Fringed by palm trees, the turquoise pool is as regal as the rest, decorated with shimmering fish-scale tiles, surrounded by a neat cavalry of spotless white sun loungers. Exquisitely kept, the pool area is soothingly silent with a discreet army of staff who will check your expression for evidence of ‘want’. While Mr Smith front-crawled off some of the past-24 hours excesses, I curled up on a white lounger with a novel, preparing myself for my afternoon hamman purge in the world-class spa.

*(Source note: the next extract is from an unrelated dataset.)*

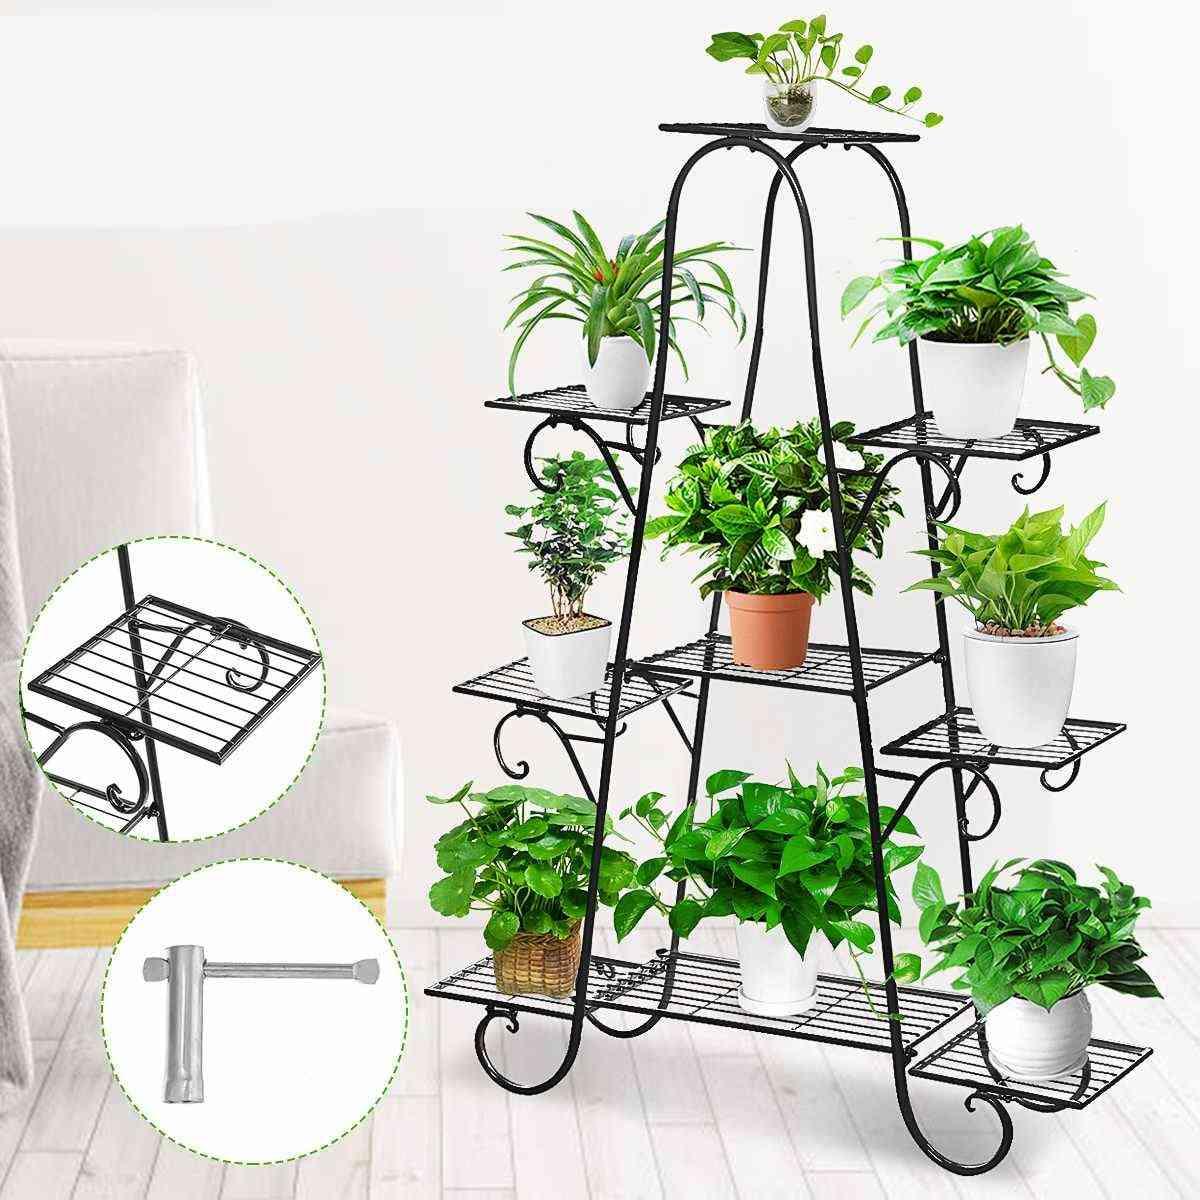 9 Tiers Metal Shelves Flower Rack Plant Stand

Mr Smith and I signed up to take our steam-and-scrub together, fighting off fits of giggles as we were handed small paper pants and each enlisted a masseur and whisked off to separate saunas. My masseuse was a glorious small, squashy Moroccan lady clad in an all in one black swimming costume and flip flops then scrubbed every inch of me, forehead to toes, then moisturised before returning me to Mr Smith for massages.
Giddy and slightly reborn post-hammam, Mr Smith and I left Mamounia for a whirlwind Saturday night in the ancient medina featuring strong coffee, snakes, some dancing and meetings with various local eccentrics, with the obligatory Cafe Arabe stop-off. Our final day was spent restoratively by the pool, drinking mint tea and eating baklava waiting for one of Mamounia’s Jaguars to take us to Menara airport. Mamounia has its own private room in Menara, for those who find meeting the public frightful. It certainly was a drag leaving Marrakech, but this Mr and Mrs Smith know that one day they’ll be back. After all, after opening in 1923, it was soon Churchill’s stay of choice; he called it ‘the most beautiful place in the world’. Who are we to argue?